落合氏の試みが仮に成功しているとした場合、それは「現象と物自体の分離」がもたらす危機を超える能力が人間にあるとすることによる克服といえる。しかしこの場合「現象と物自体の分離」思想そのものは手つかずであって、そこに誤って与えられてきた有毒性はそのままにされる。その「有毒性」とは現象と物自体の完全な分断のことである。

私の方法はカント以前的思考に対するカントの理性批判、すなわち「理性には形而上学を語る資格がない」という考えを出発点とした上で、「現象と物自体の分離」を有毒なものとしてきた認識二元論を解除して、それがもたらす様々な亜カント主義への耐性をキリスト教に獲得しようとするものである。

当「信仰と理性論」は、一般に「現象と物自体の分離」として理解されてきたカントの超越論的批判が、世界を「現象」と「物自体」に完全に分割するものではないことを、以下の4つの考察によって示す。1.~4.の青字番号は、Chapter 4 - Section 4-5 での(1)~(4)に対応する。(相互参照可能)

1.純粋理性批判』における「現象」概念と「物自体」概念の出自を調べて、両者が互いに規定し合う関係にないこと、すなわち現象と物自体は、認識可能/認識不能という、論理的な肯定/否定関係とは異なる関係にあることを示す。(Chapter 4 - Section 11)

2.純粋理性批判』の中でカントが繰り返し述べる「現象は物自体ではない」[9] という言明が、「現象と物自体の分離」の論拠の一つとされてきたが、この言明は、必ずしも主語に対する全否定文ではなく、「海水は真水ではない」というのと同じ、主語に対する部分否定の意味に解釈できることを主張する。(Chapter 4 - Section 11, 12)

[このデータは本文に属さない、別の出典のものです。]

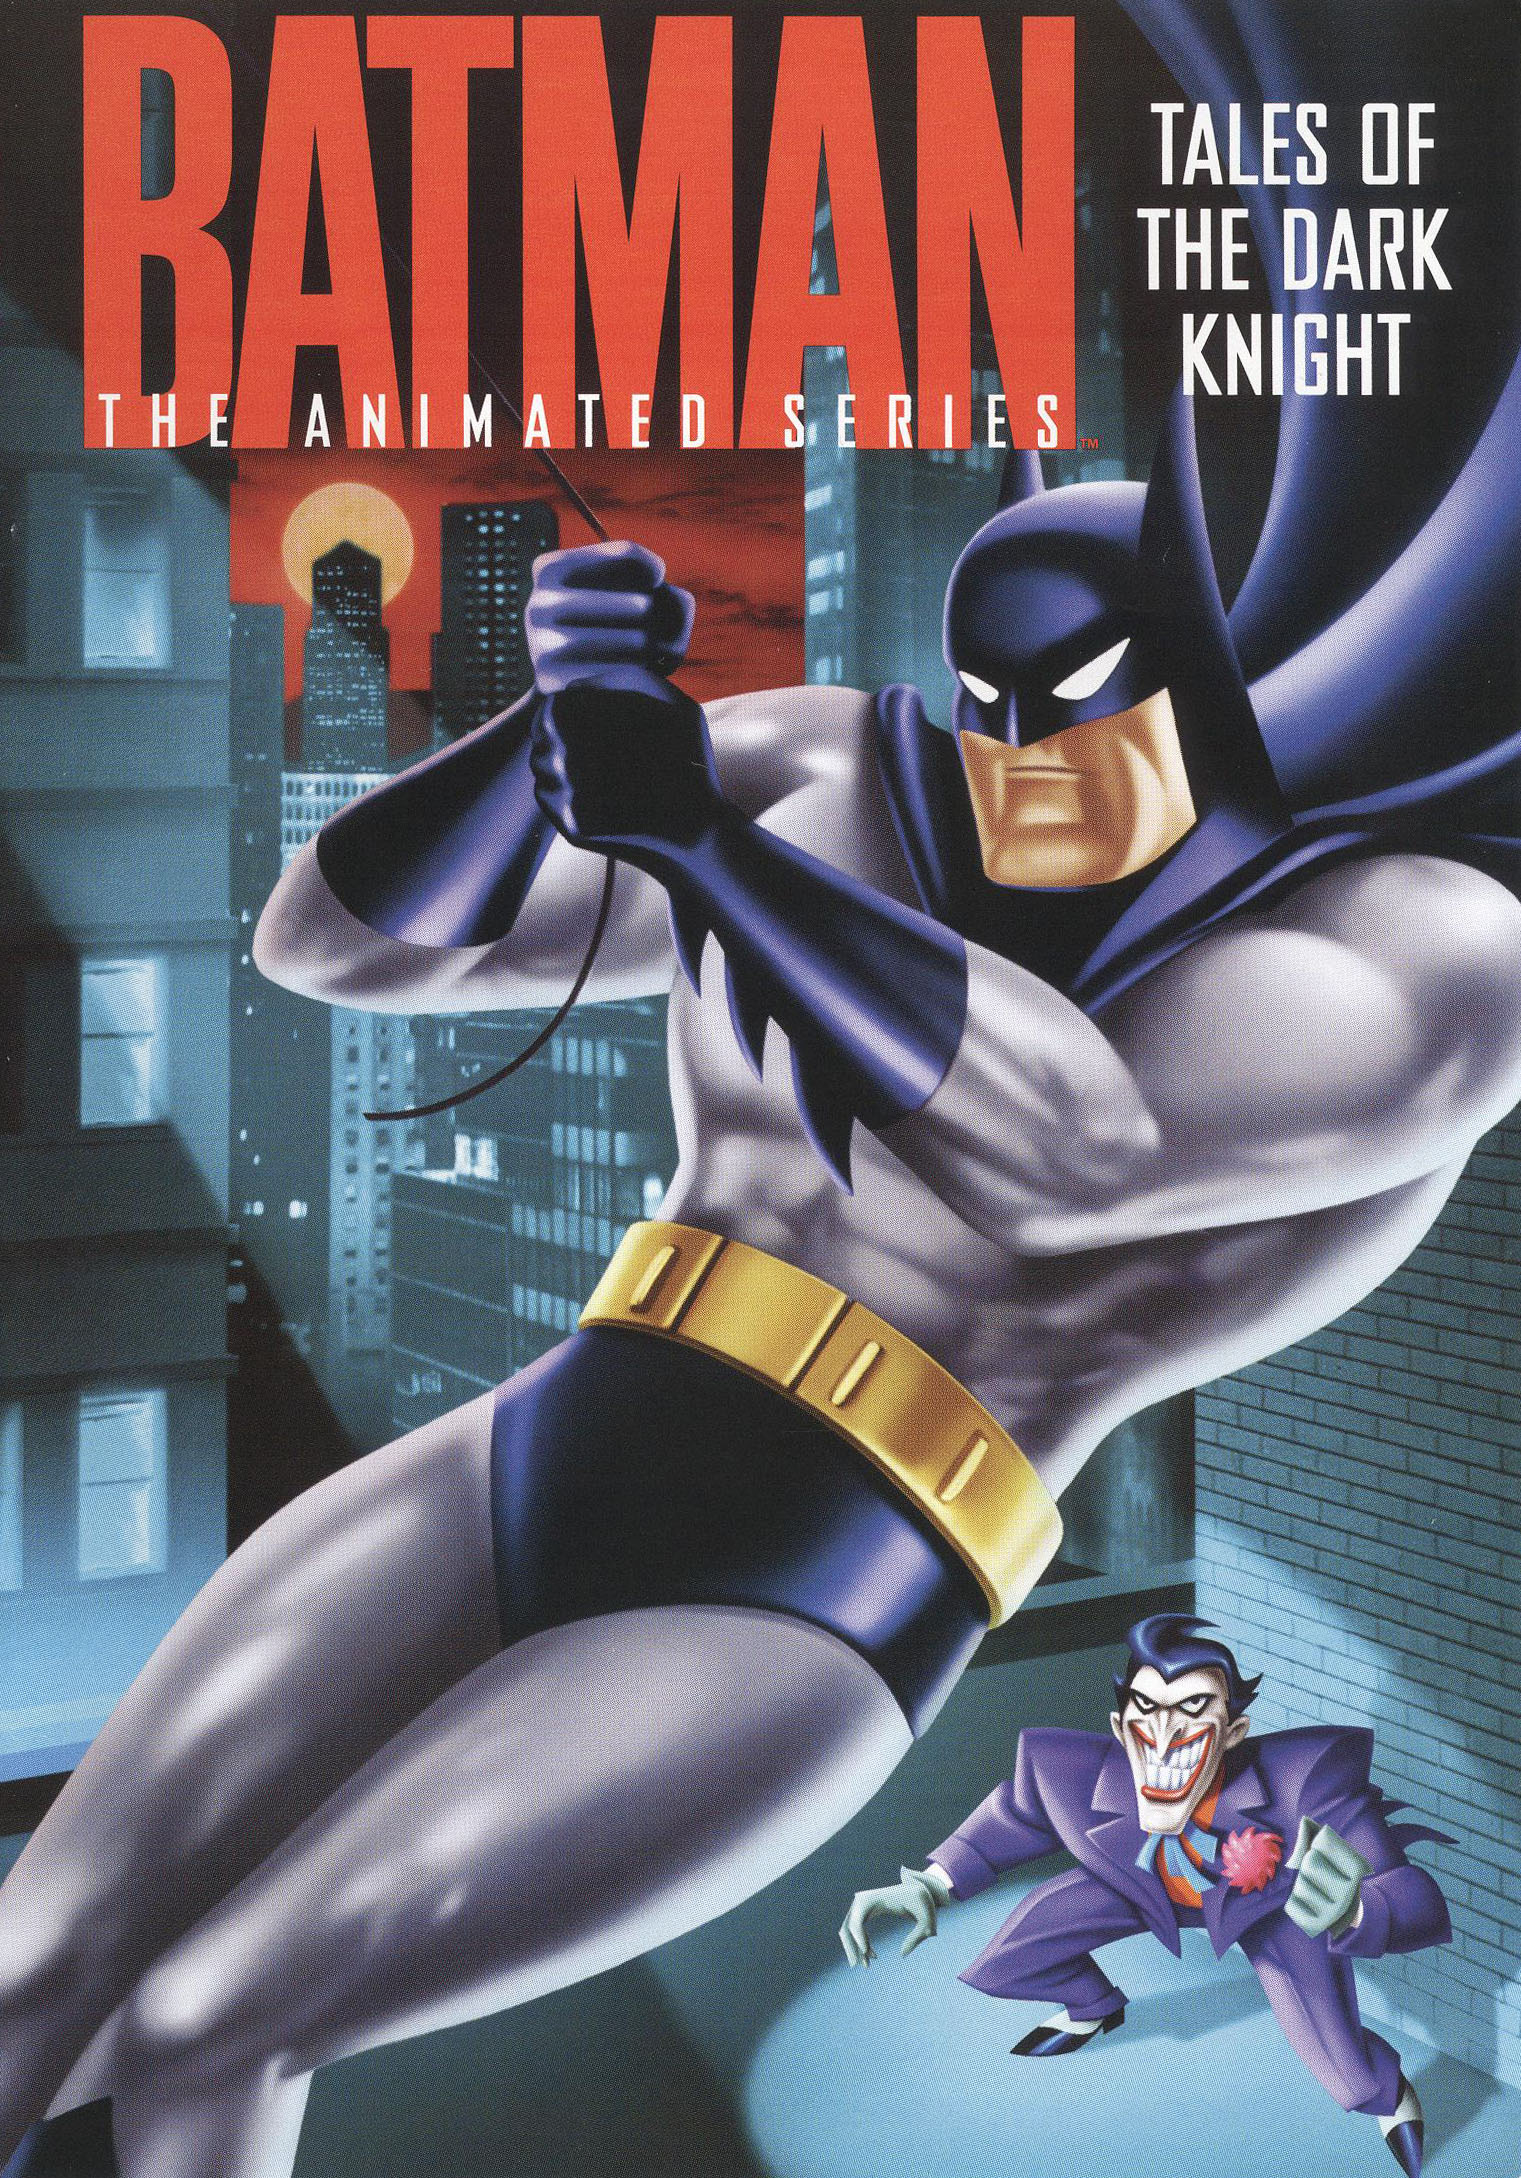 Customer Reviews: Batman: The Animated Series Tales of the Dark Knight -  Best Buy

3.感性的かつ悟性的」として定義された複合概念である「現象」概念は、古典論理のド・モルガンの法則により、その否定は「感性的ではない、または、悟性的ではない」となる。したがって、物自体が現象の否定概念であるとき、物自体は三通りのあり方において存在すると理解されなければならない。「現象と物自体の分離」をもたらす「感性的ではなく、かつ、悟性的でもない」物自体は、この三通りの中の一つにすぎないこと、他の二通りのあり方での物自体は現象と分離するものではないことを示す。(Chapter 4 - Section 4-5, Chapter 4 - Section 6)「現象」の否定が3通りの「物自体」を生じさせるということは、1.で確認する、現象と物自体が1対1の関係として認識可能/認識不能の関係にあるのではないことと符号する。

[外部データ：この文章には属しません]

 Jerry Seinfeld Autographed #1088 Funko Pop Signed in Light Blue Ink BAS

4.無限概念に対応する直観主義論理の考察から、形而下世界の対概念として考えられた形而上世界が、古典論理の意味での形而下世界の「否定」、すなわち形而下からの分離としてではなく、直観主義論理の否定概念が持つ「否定」および「不明」の二重性において考えられなければならない世界であることを示す。(Chapter 2 - Hard study 5-4-4, Chapter 2 - Section 4, Chapter 4 - Section 12)

主要議論である1.について概説しておく。

『純粋理性批判』の基本用語であり、カントの新語である「超越論的(transzendental)岩波文庫訳では「先験的」という概念の分析から明らかになることは、『純粋理性批判』が述べる二つの世界とは、一般にそう受け取られてきた「現象」と「物自体」というのではなく、「現象のみ」の世界と「現象と物自体」の世界であるということである。

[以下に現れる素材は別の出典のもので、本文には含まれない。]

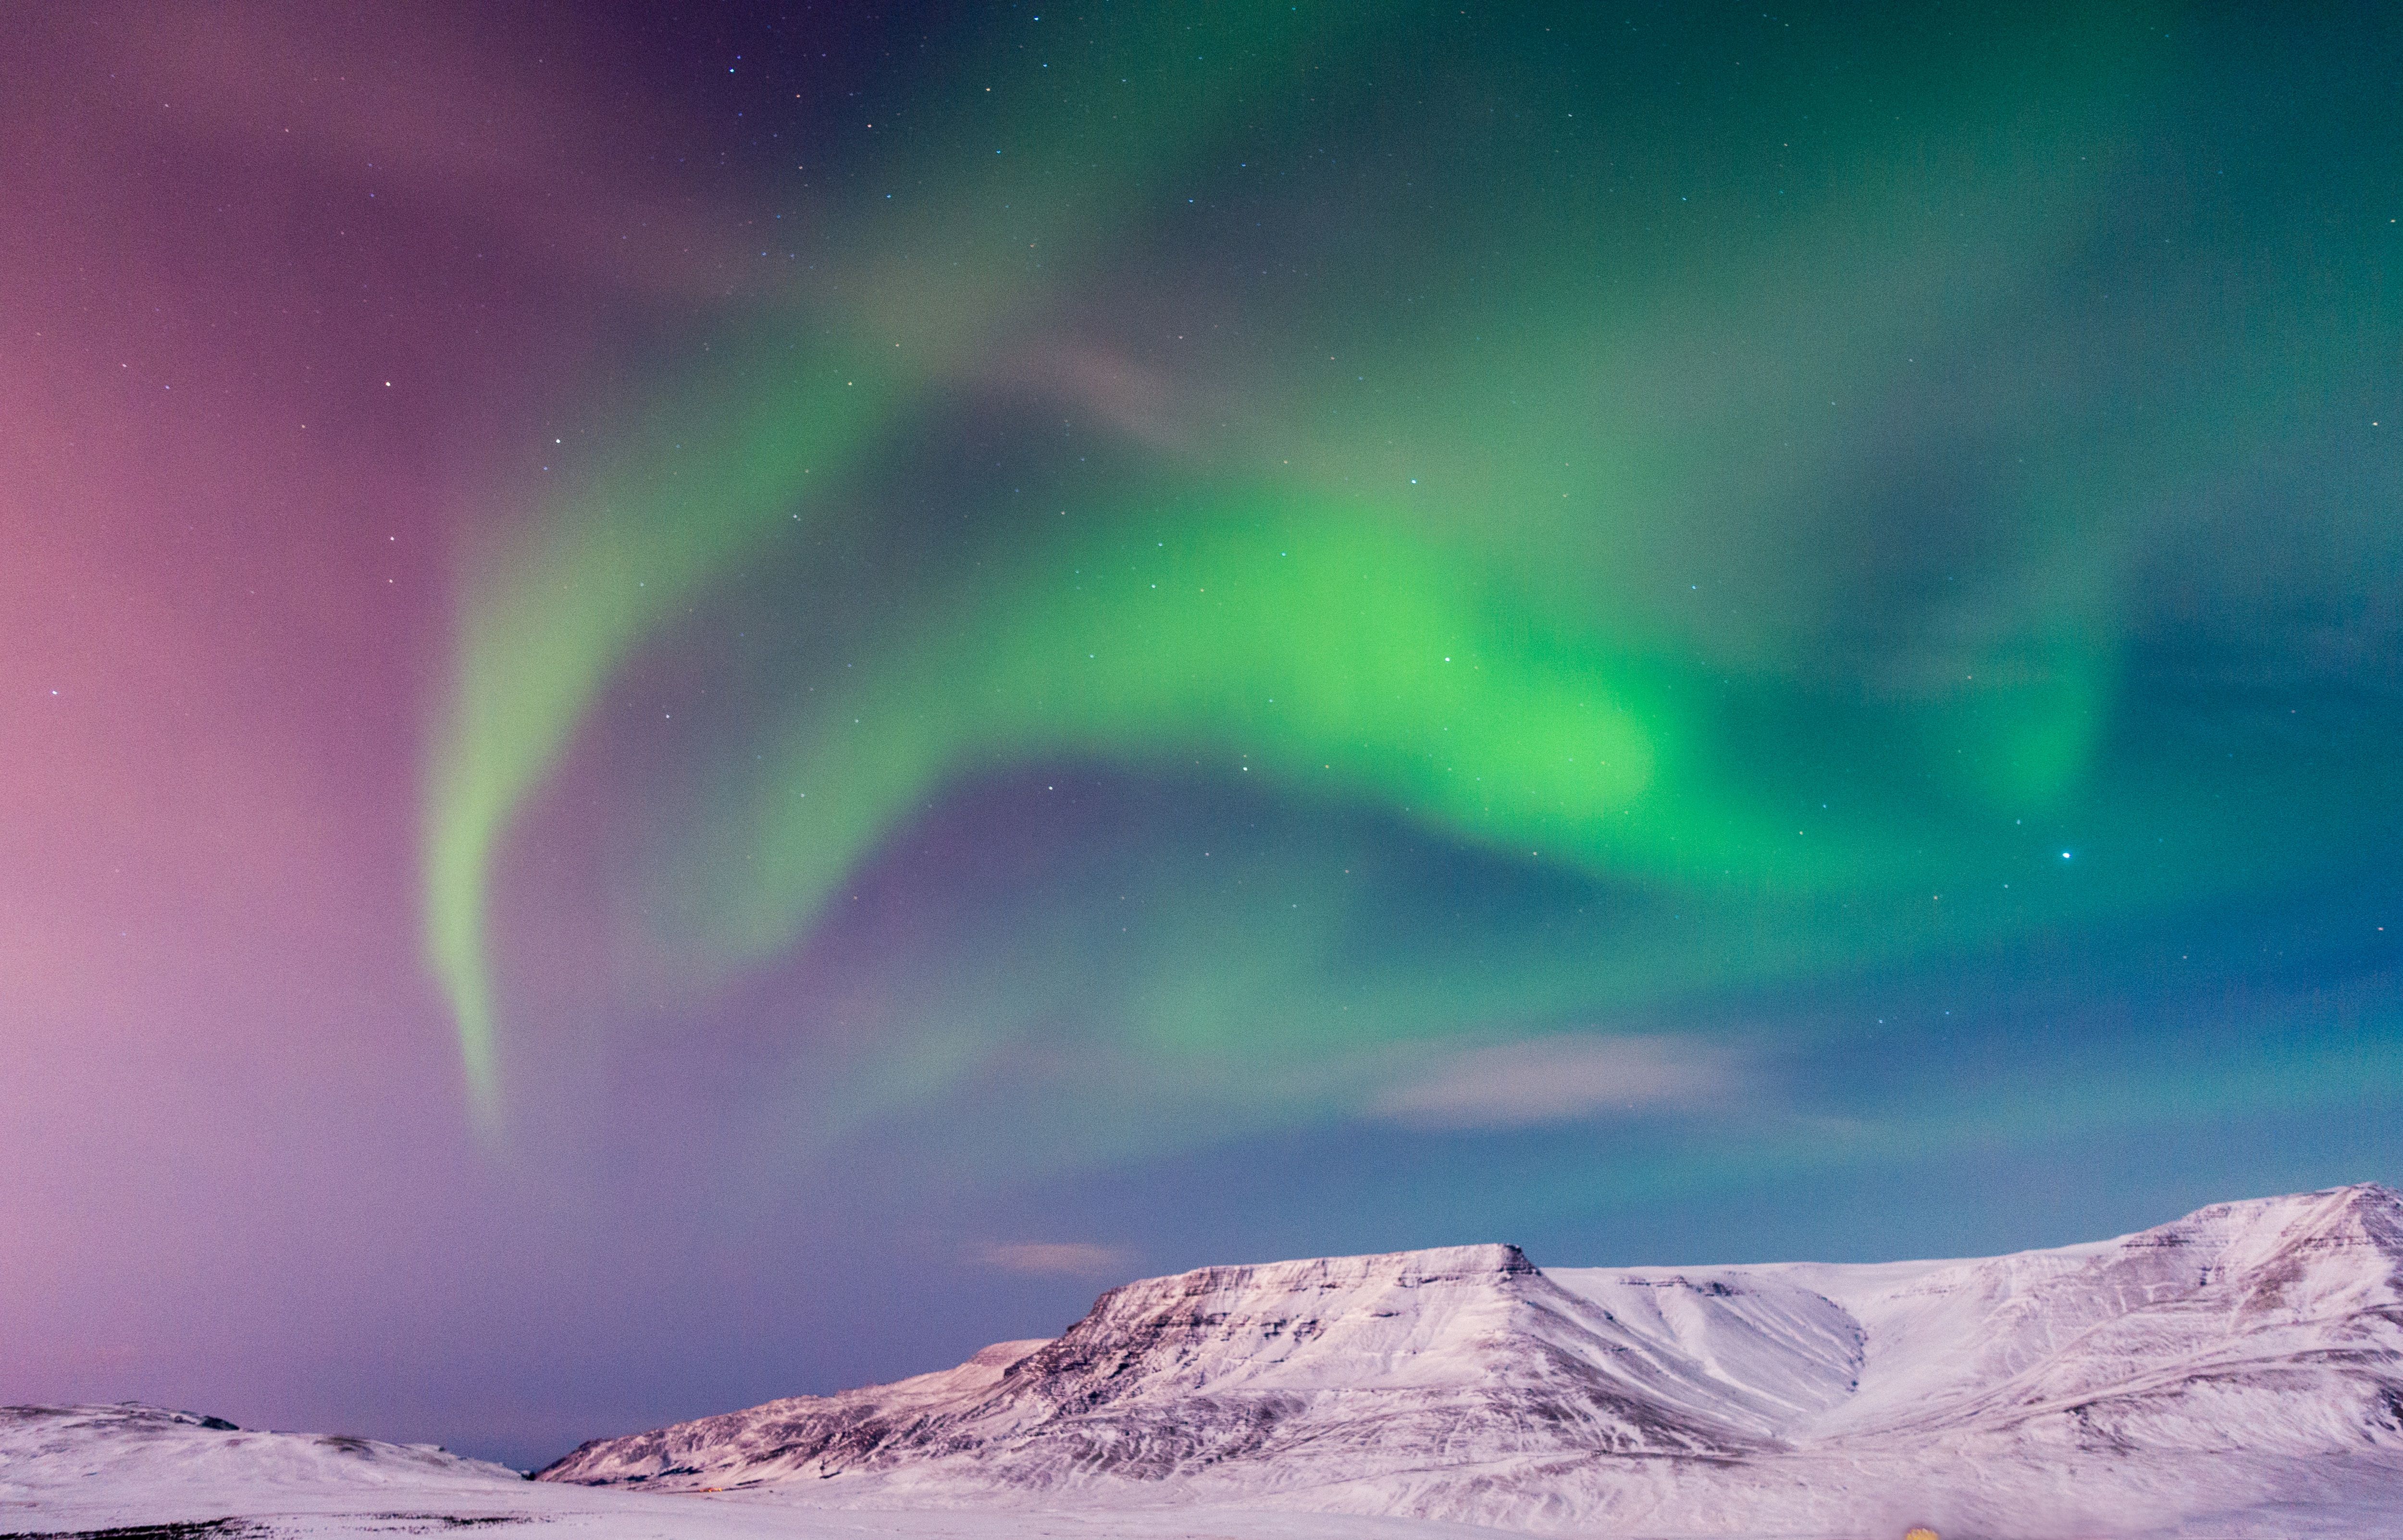 Iceland's northern lights in winter

物自体を単独にそのまま扱おうとするのは形而上学であって、カントはこれを否定し、『純粋理性批判』における物自体は常に現象と共に扱われる。それゆえカントは自らの哲学を「超越論的観念論」と呼ぶ。物自体を勘定に入れたところの現象論、正確には「主観を除き去ることで初めて顕わとなる物自体」という、経験的対象に対する超越論的見方を採用した現象論ということである。

「超越論的」概念に対するこの理解に立つことによって、物自体が現象に作用する、いいかえれば超越が内在に関わるという、カント自身は常にそう考えてきたところの、しかしその当初から『純粋理性批判』の最大の矛盾として指摘されてきた[10] ところの「触発論」と呼ばれる部分でのカントの考えが肯定される。

さらに、岩崎武雄らによってその不整合が指摘されてきた「超越論的弁証論 第三アンチノミー」のカント判定が、実は整合的であることも明らかになり、「現象」と「物自体」ではなく、「現象のみ」と「現象と物自体」という捉え方が、『純粋理性批判』の方法論である「超越論的」に対する解釈として正しいことが確認される。これにより「現象」および「物自体」の出自が明らかとなり、『純粋理性批判』の帰結として誤って理解されてきた「現象と物自体の分離」が退けられるのである。